• _YOUR ASSIGNMENT_:
In the listing below, find the line with "SANBELM Polyester Scrubbing Glove (One Hand)" and the line with "Mutter und kleiner", then return them and every line between them exactly, minus the pictures.

• _DATASET ENTRIES_:
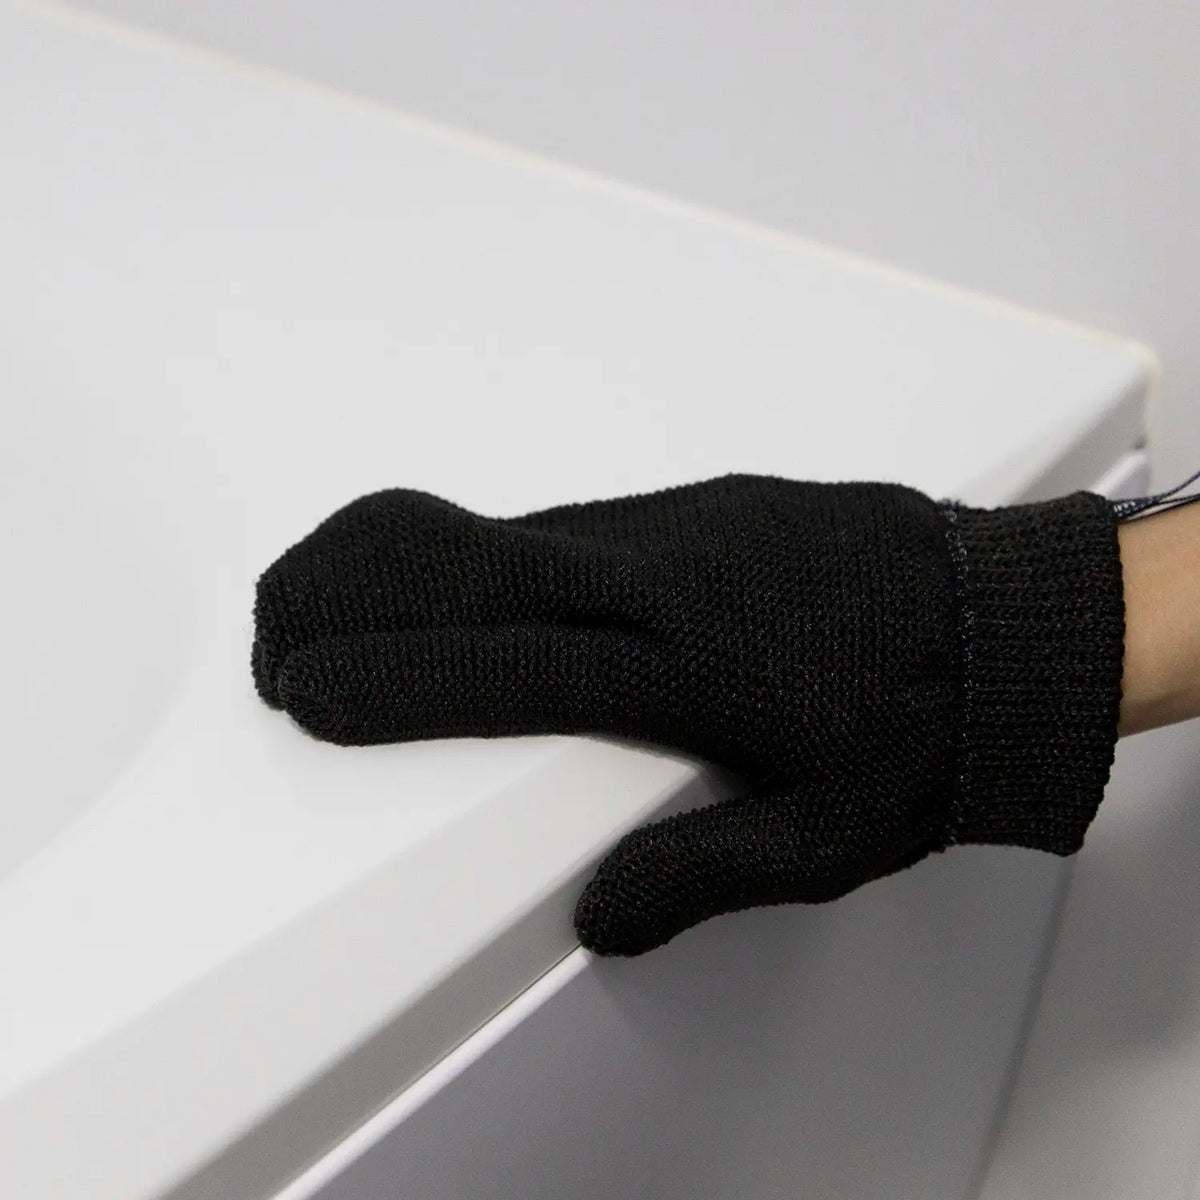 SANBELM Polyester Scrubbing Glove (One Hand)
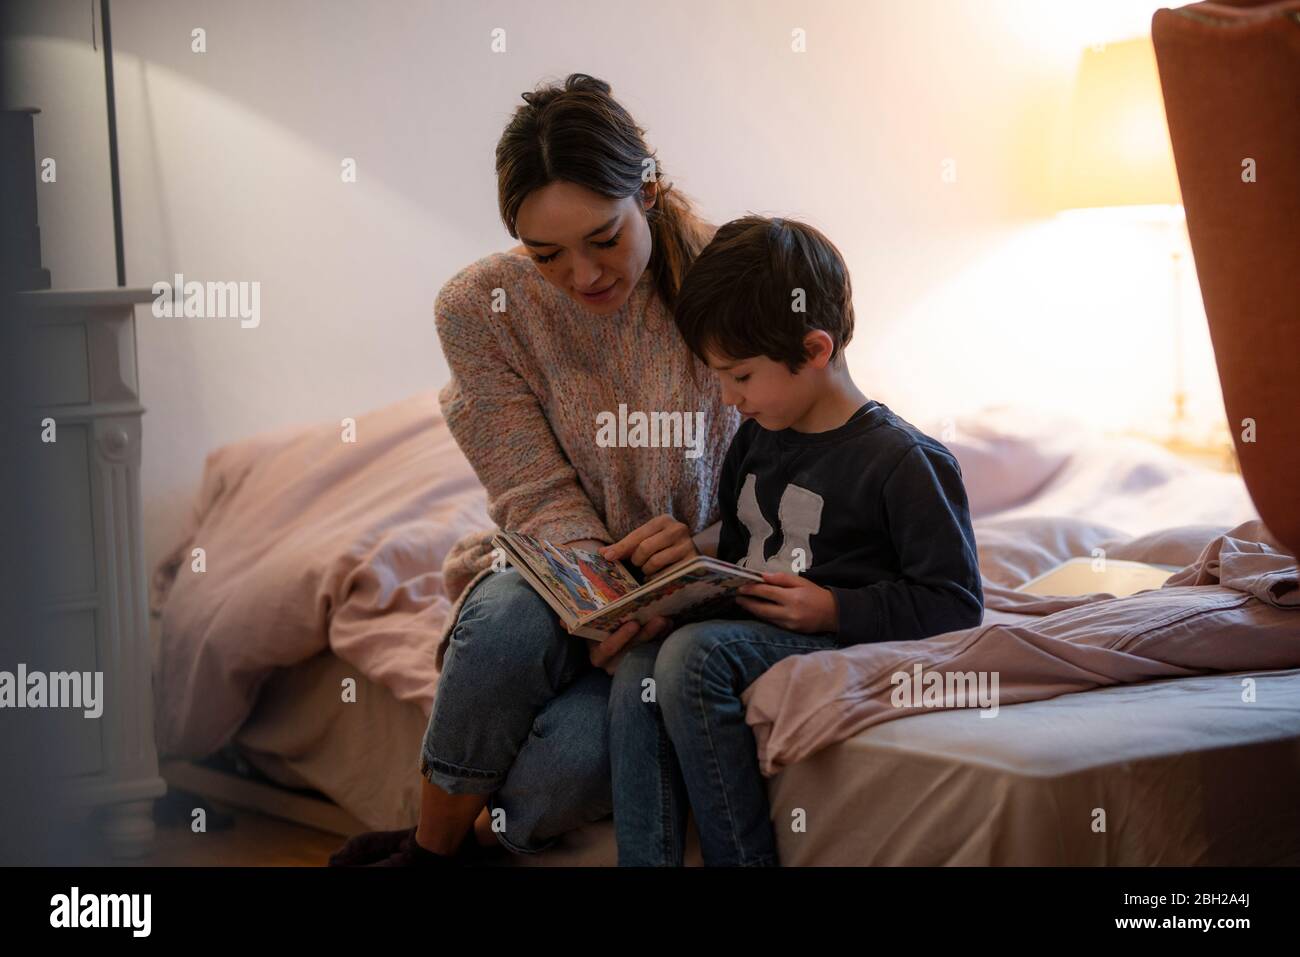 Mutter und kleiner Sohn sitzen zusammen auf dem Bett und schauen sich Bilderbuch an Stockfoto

--

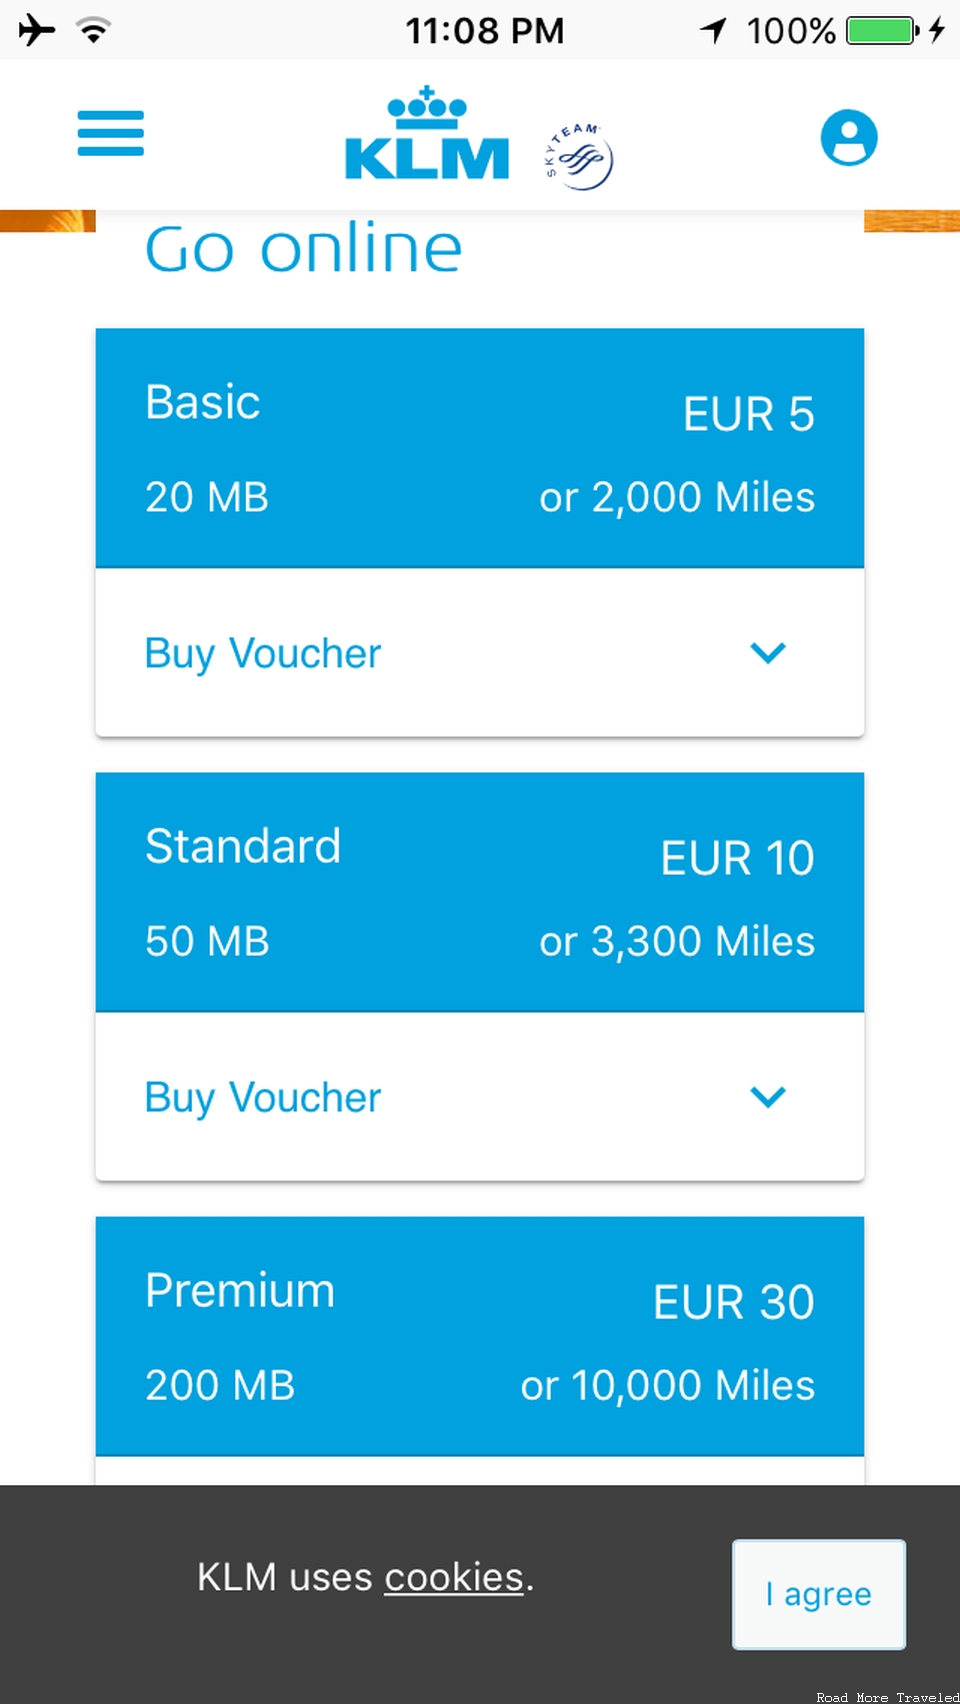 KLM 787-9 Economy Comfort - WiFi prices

• _COMPLETED EXERCISE_:
 SANBELM Polyester Scrubbing Glove (One Hand)
 Mutter und kleiner Sohn sitzen zusammen auf dem Bett und schauen sich Bilderbuch an Stockfoto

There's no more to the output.